## Data excerpt
+ + + + + + +

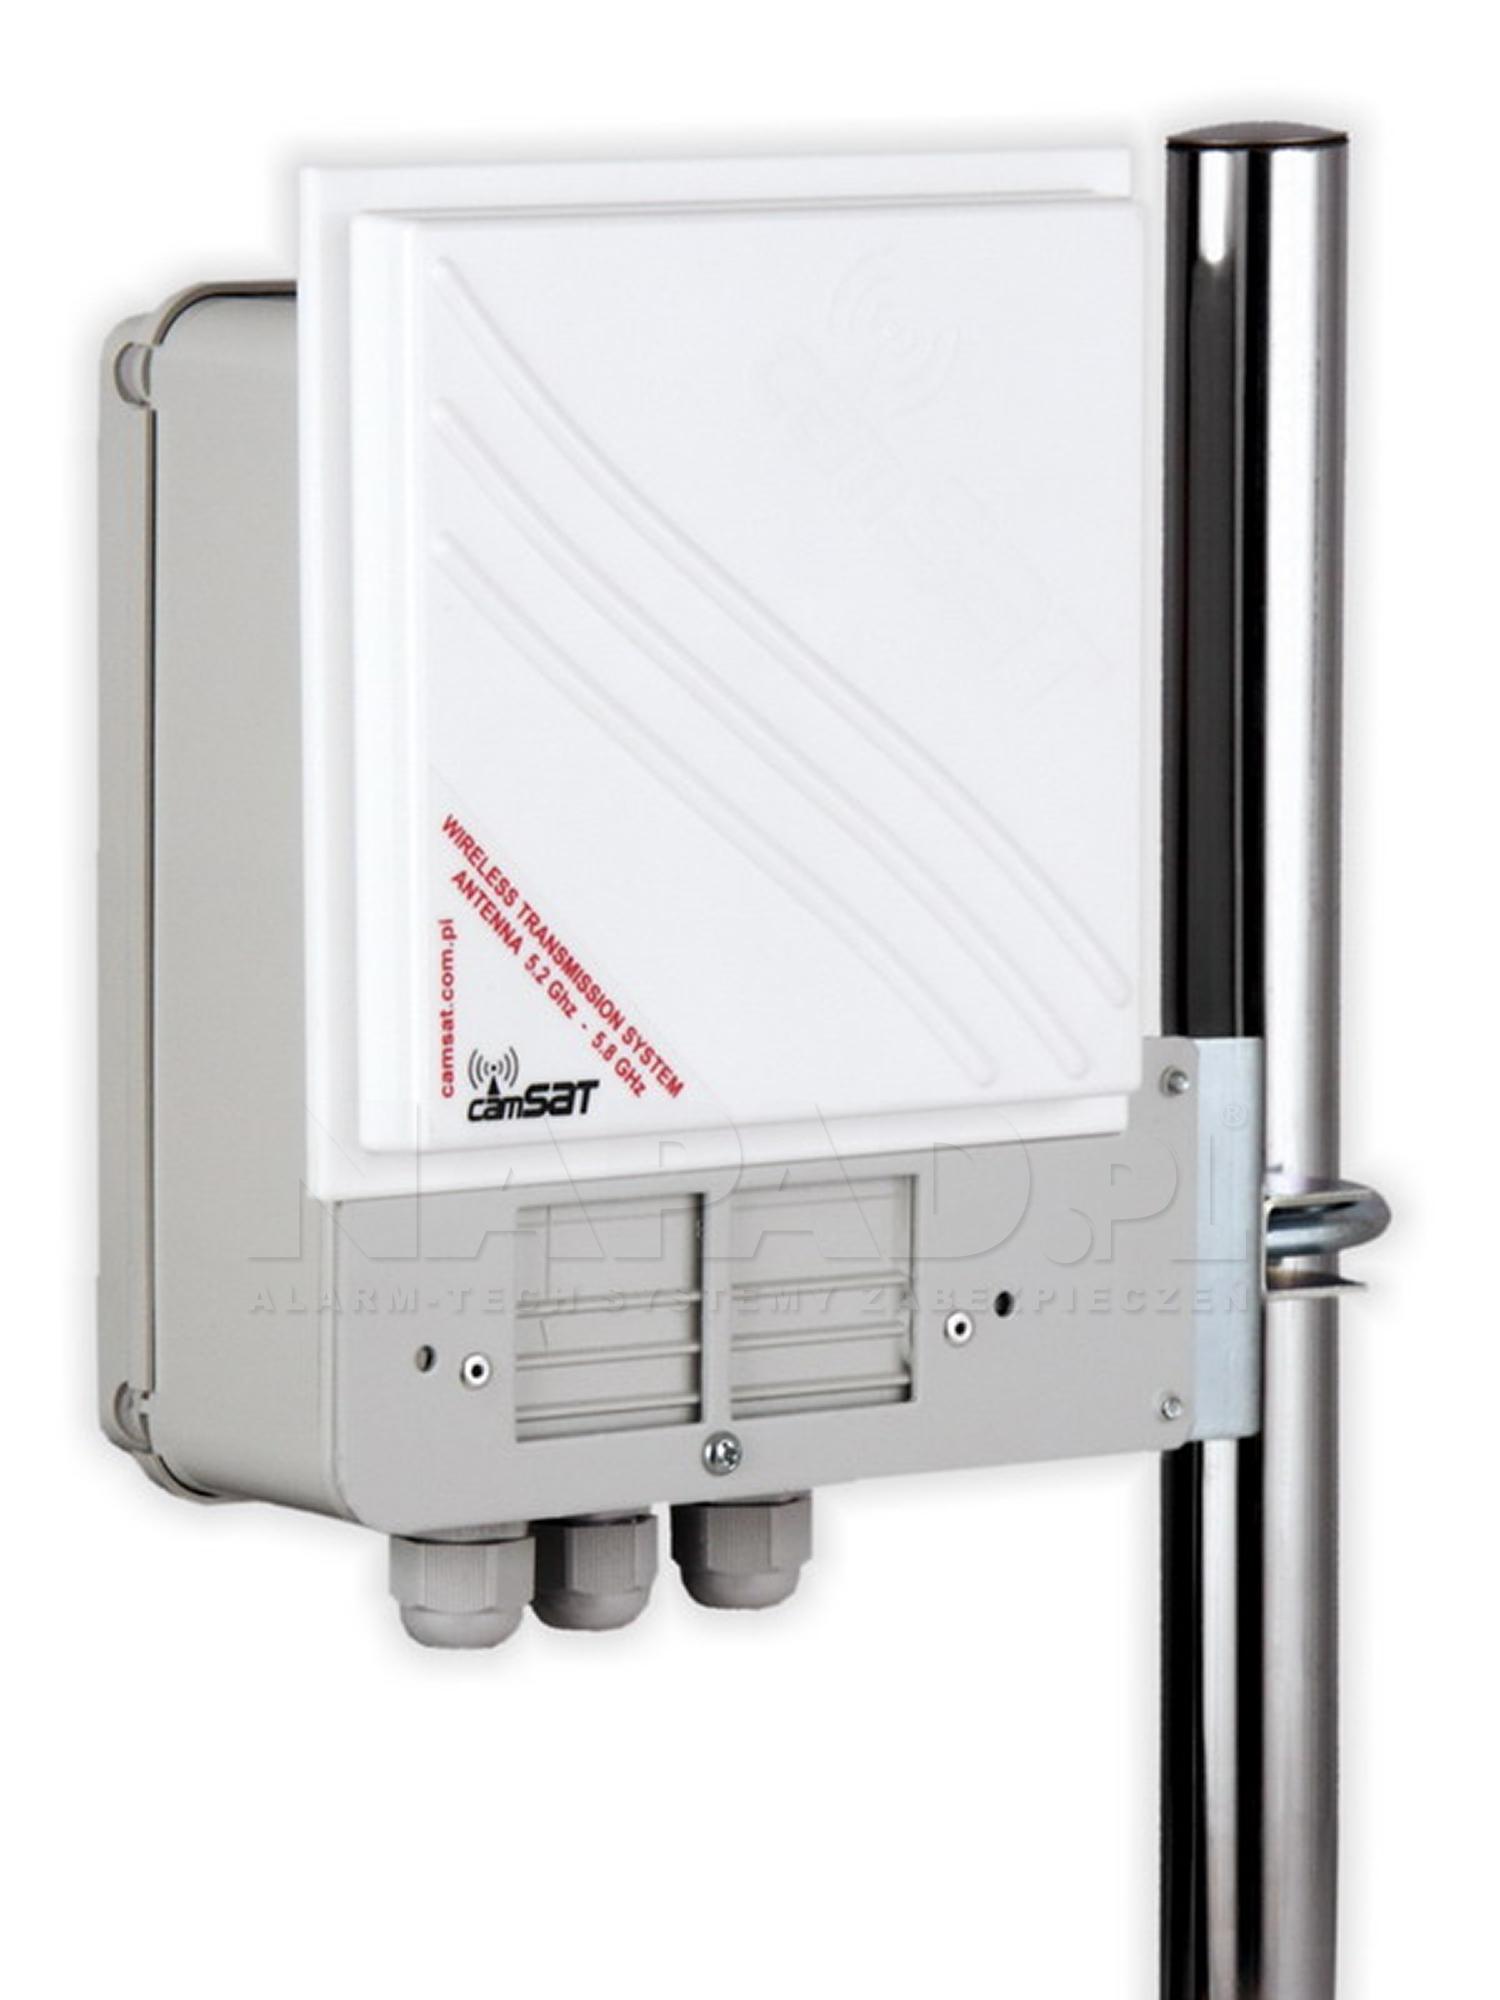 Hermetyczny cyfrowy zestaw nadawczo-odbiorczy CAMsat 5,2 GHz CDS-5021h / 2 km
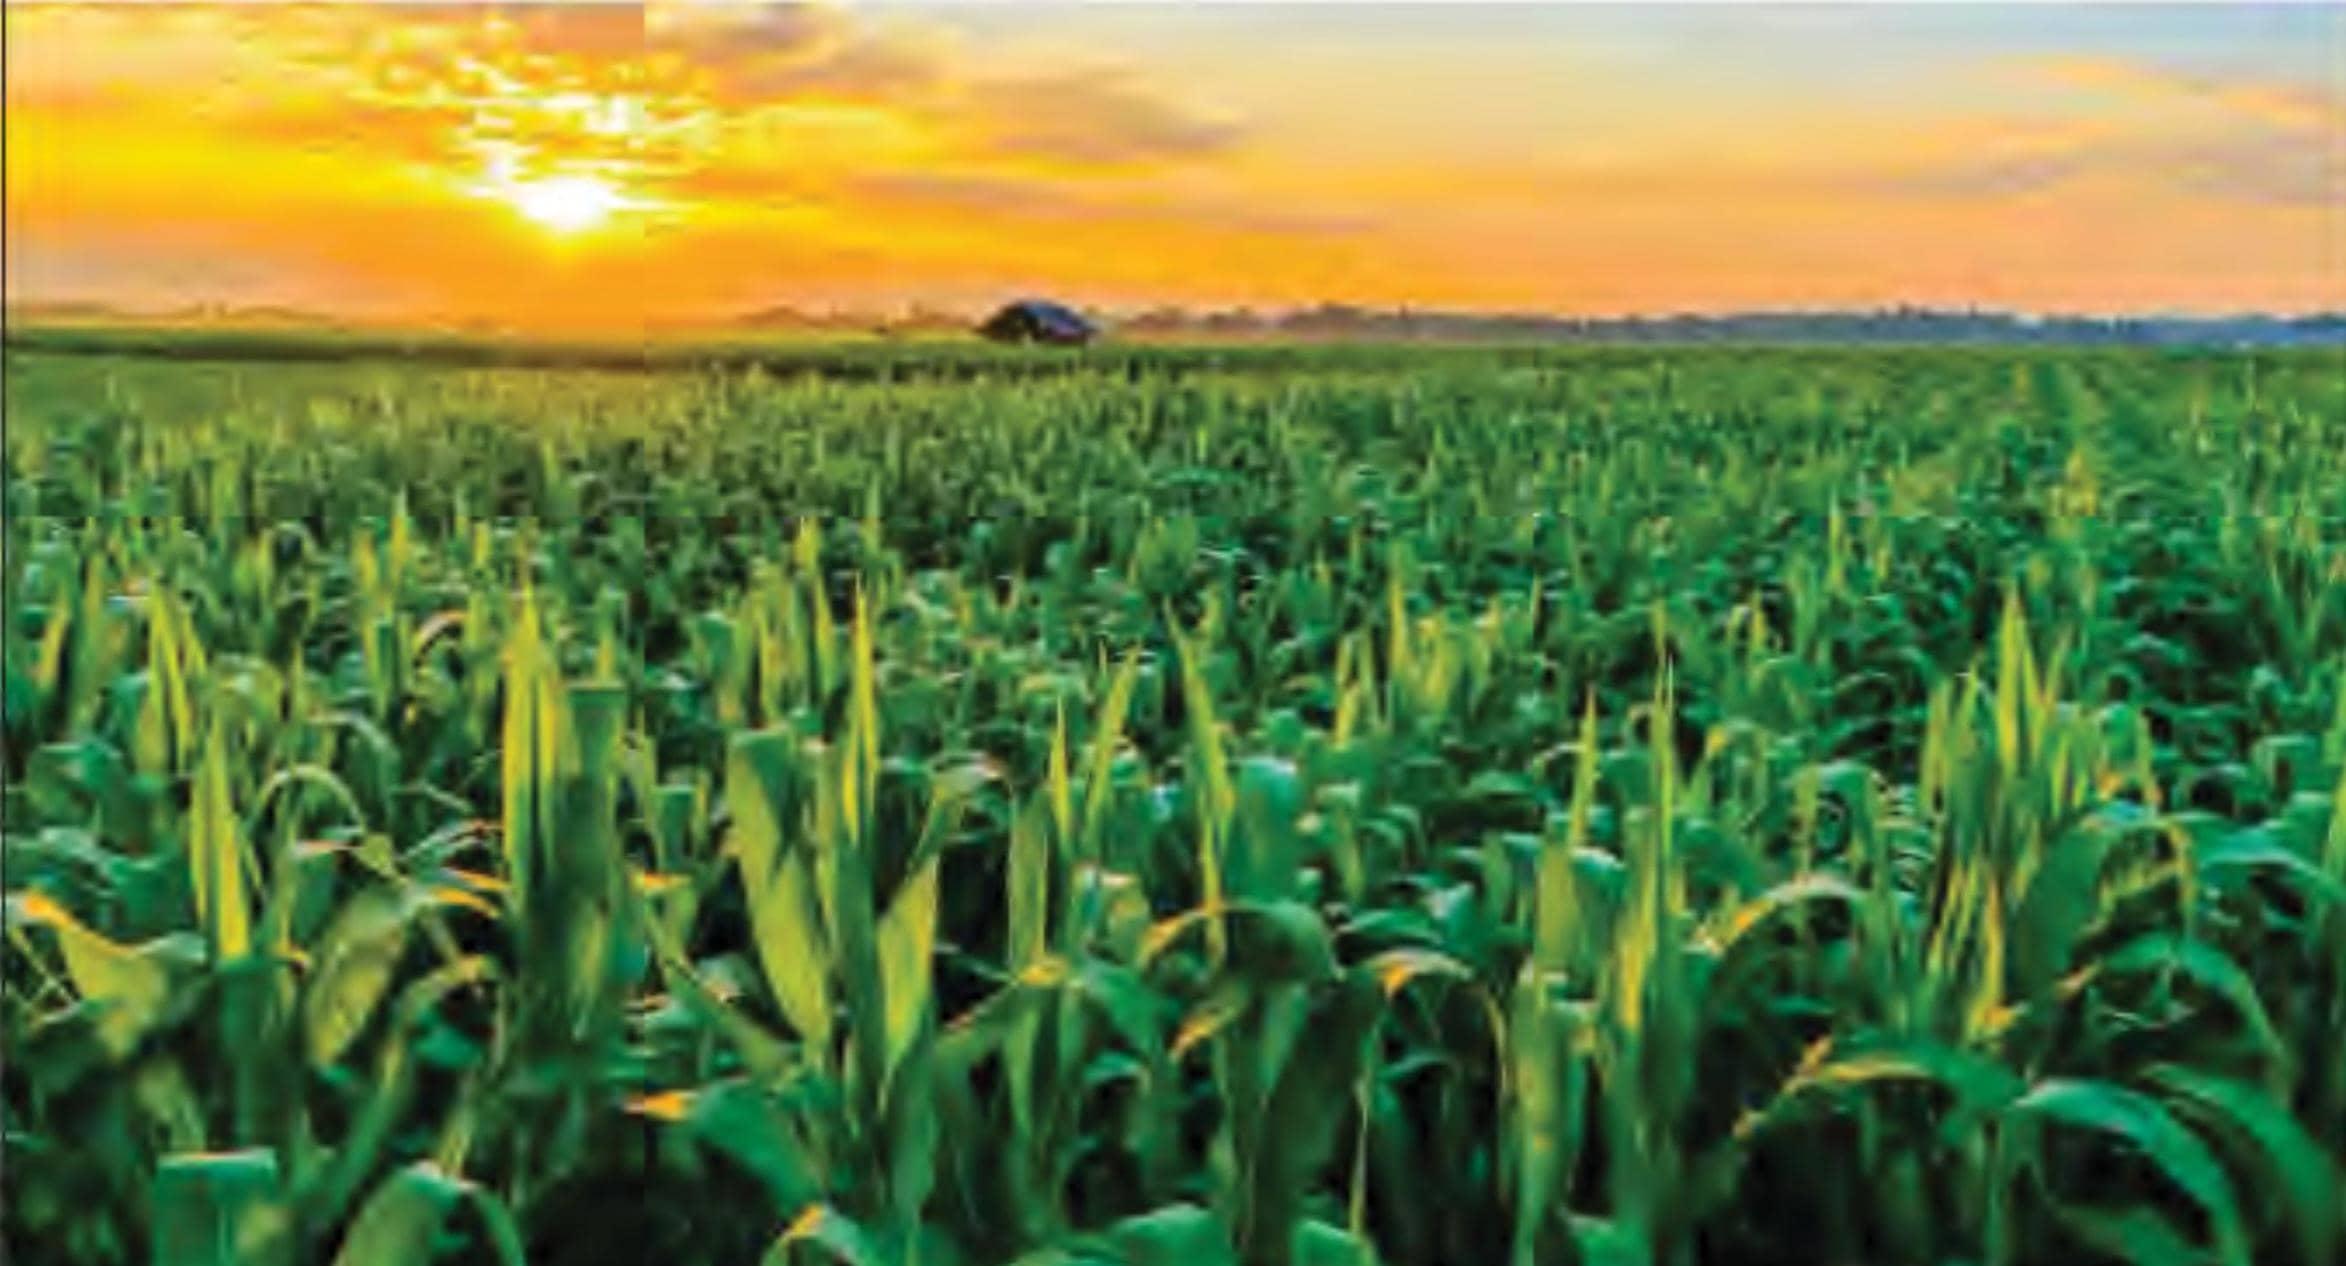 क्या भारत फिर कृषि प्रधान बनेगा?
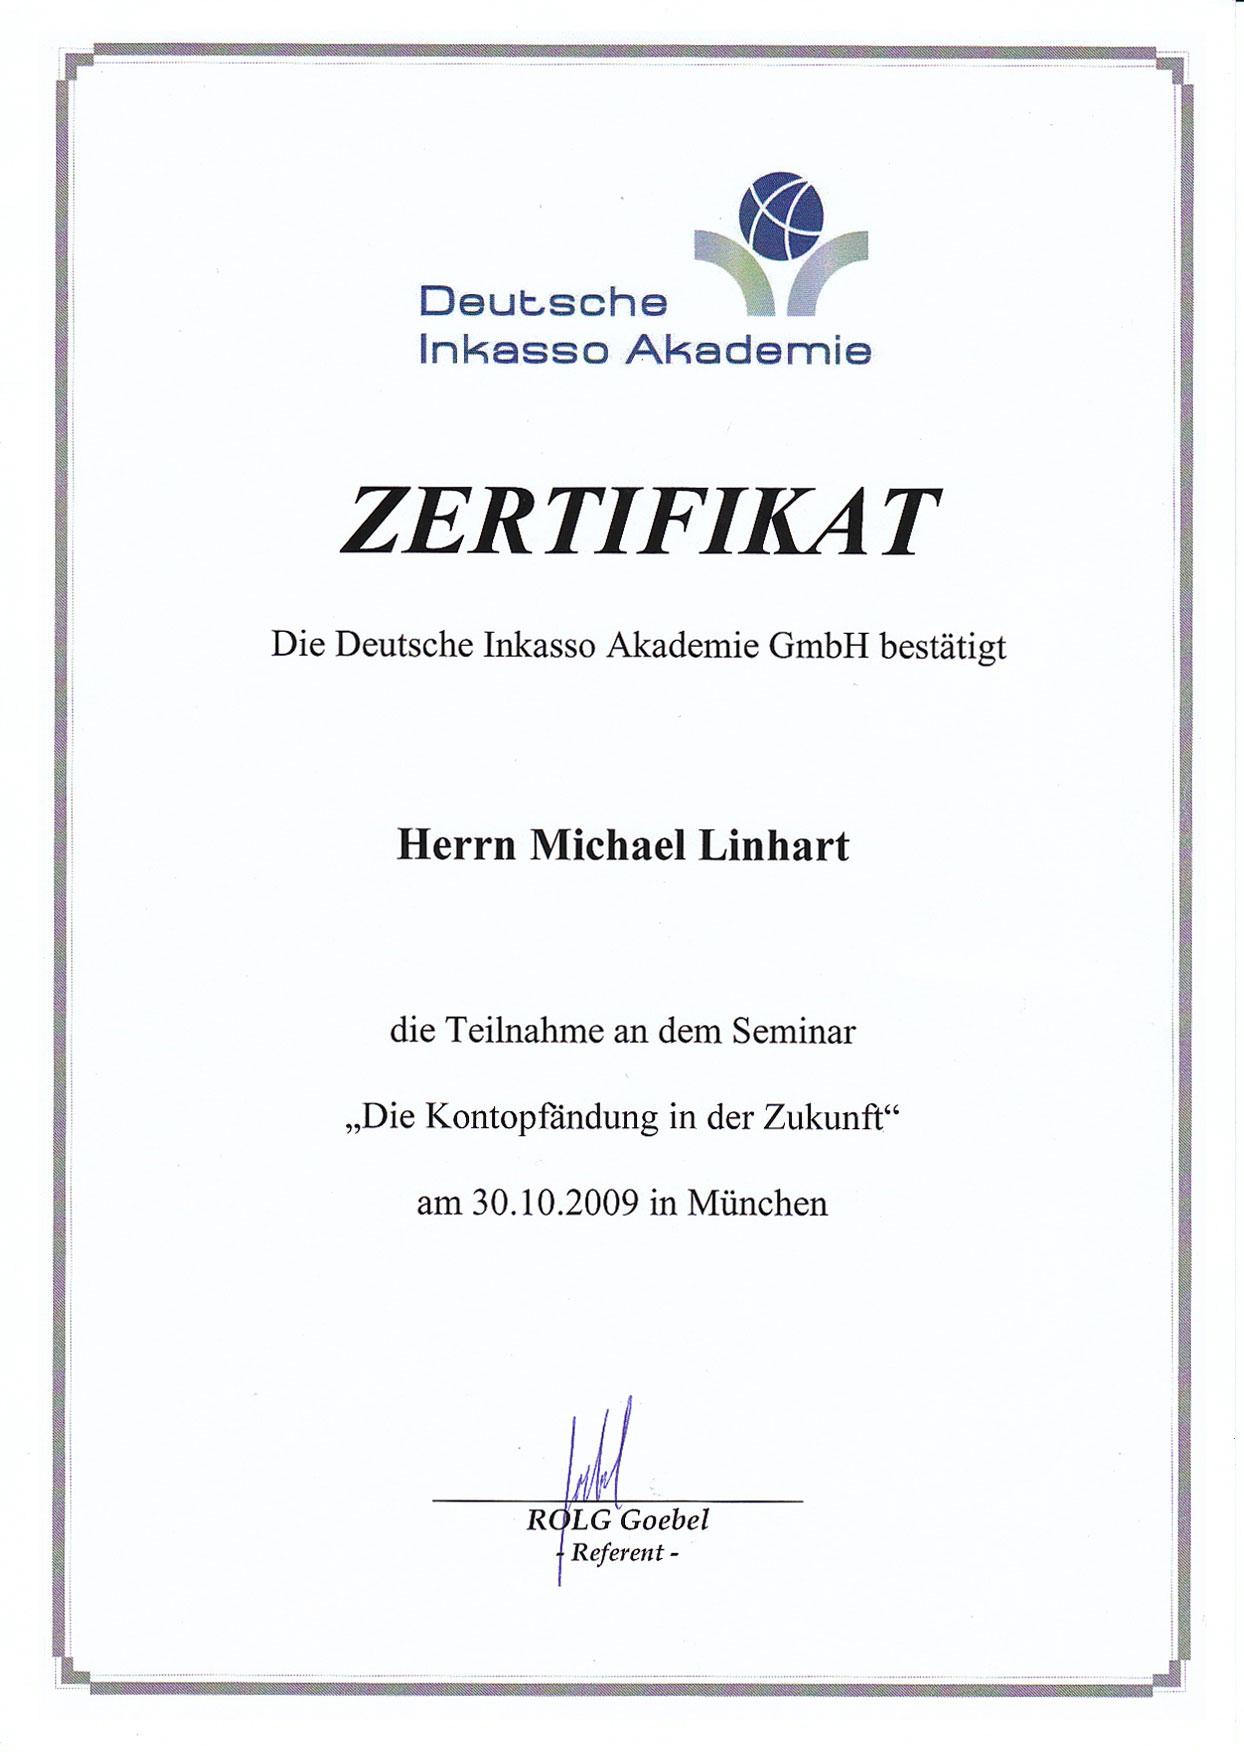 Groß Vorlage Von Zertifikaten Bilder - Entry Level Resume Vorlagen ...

+ + + + + + +

## What you should do
Please write out, word for word, each line from the one with "क्या भारत फिर कृषि प्रधान बनेगा?" to the last line of the data, keeping both ends and omitting pictures.

## Task output
 क्या भारत फिर कृषि प्रधान बनेगा?
 Groß Vorlage Von Zertifikaten Bilder - Entry Level Resume Vorlagen ...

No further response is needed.